> **EXERCISE**
Each line of the data must be written out again verbatim; no image belongs in the copy.

> **SOURCE DATA**
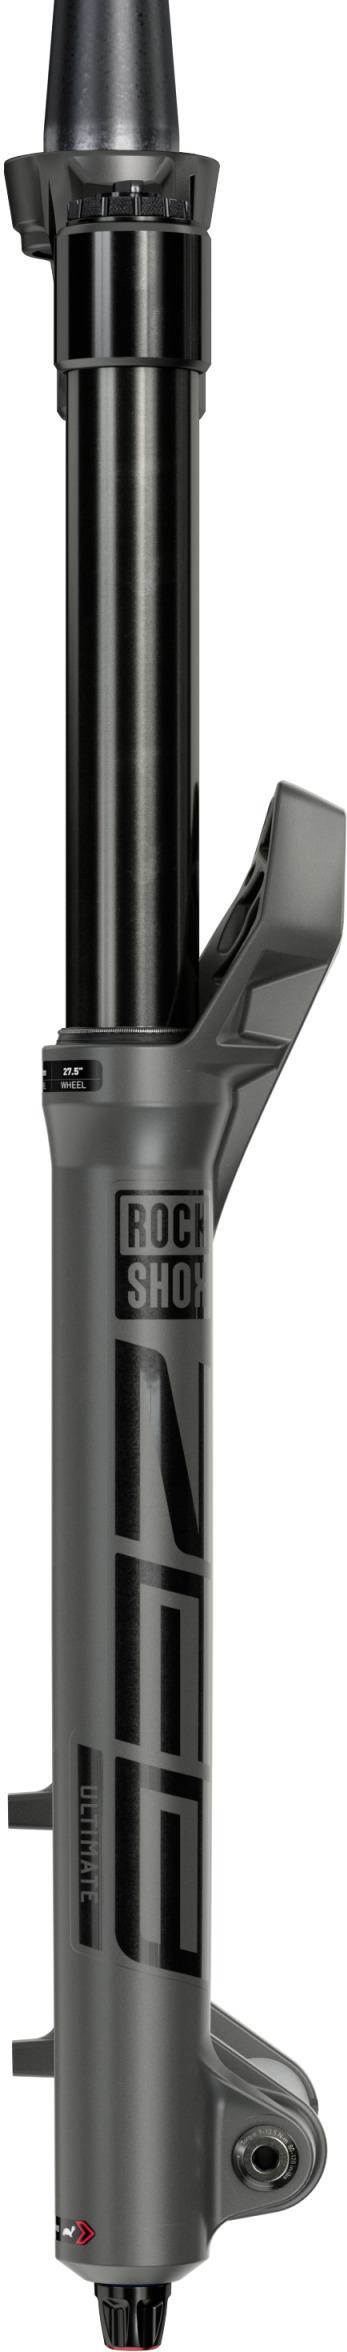 "Rock Shox Zeb Ultimate DebonAir Boost 29"" Federgabel grau | Modell 2021"
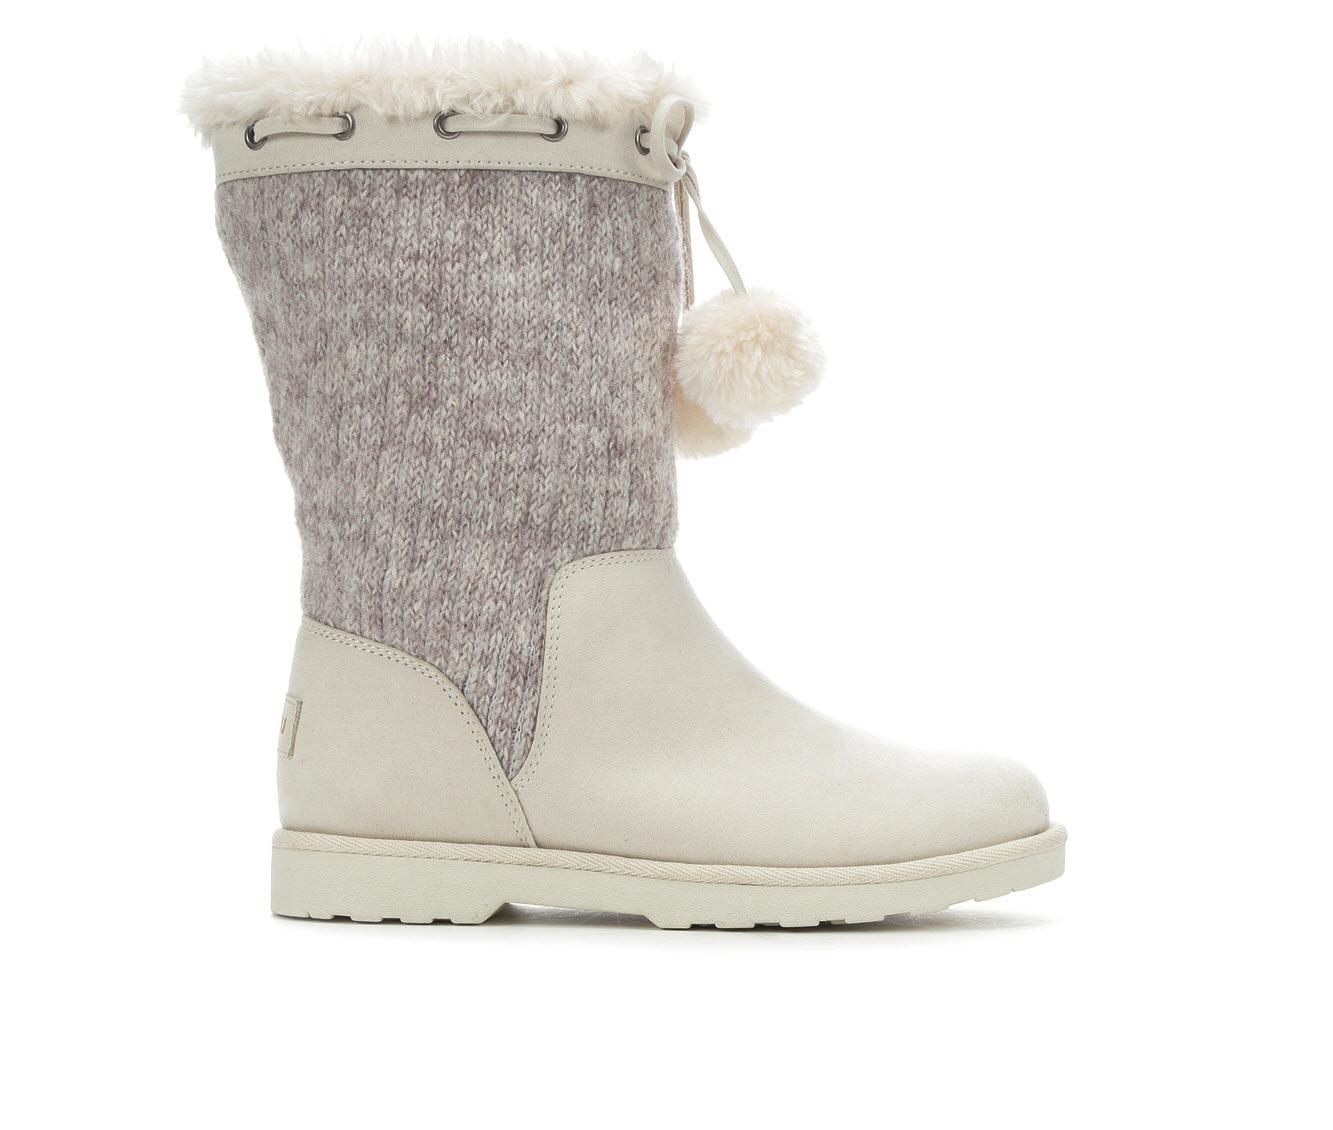 Makalu Mahal Women's Boot (White Canvas)
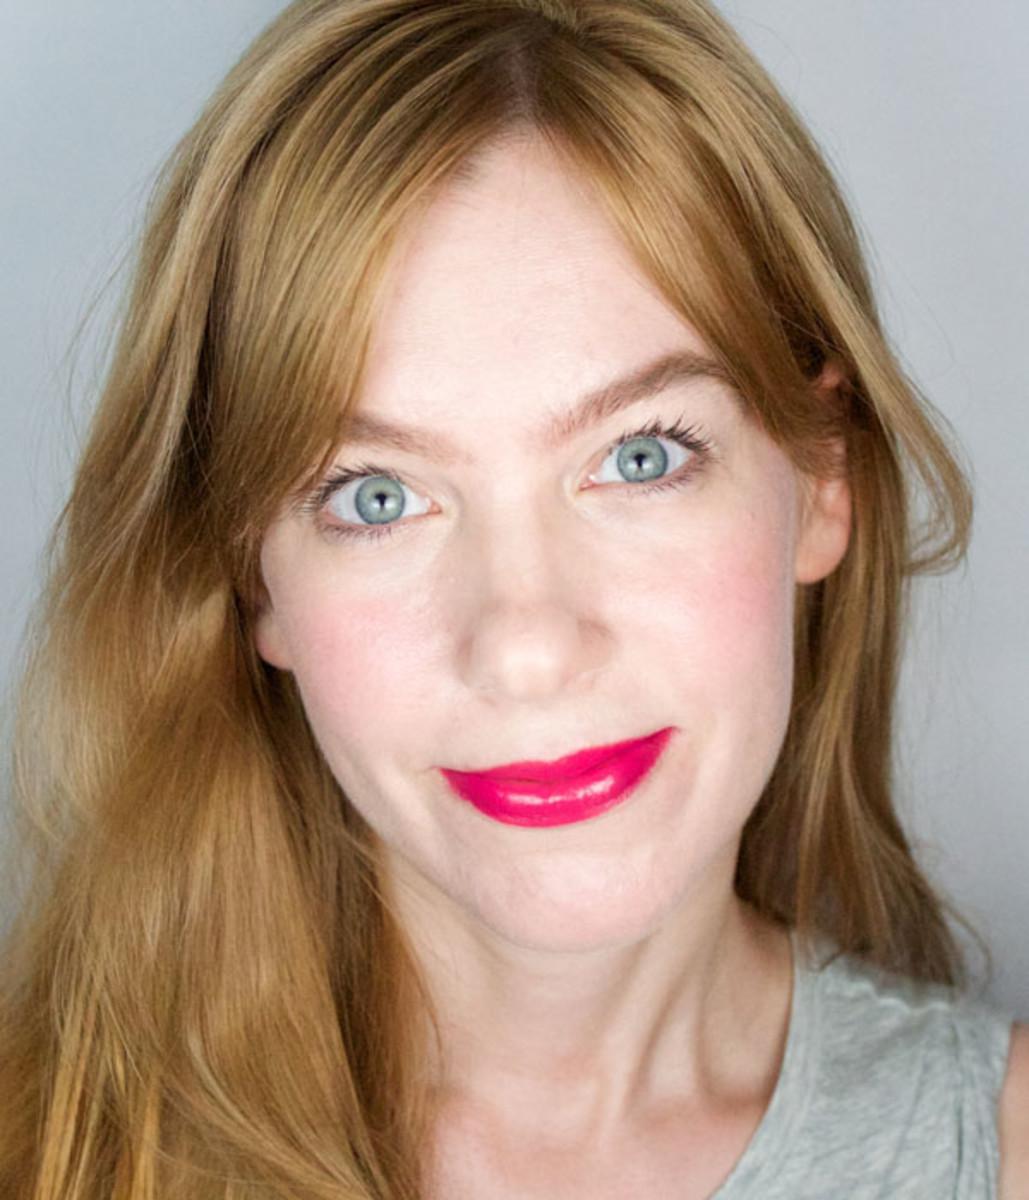 Manic Panic Lipstick in Cleo Rose (on lips)

> **RESULT OF THE TASK**
 "Rock Shox Zeb Ultimate DebonAir Boost 29"" Federgabel grau | Modell 2021"
 Makalu Mahal Women's Boot (White Canvas)
 Manic Panic Lipstick in Cleo Rose (on lips)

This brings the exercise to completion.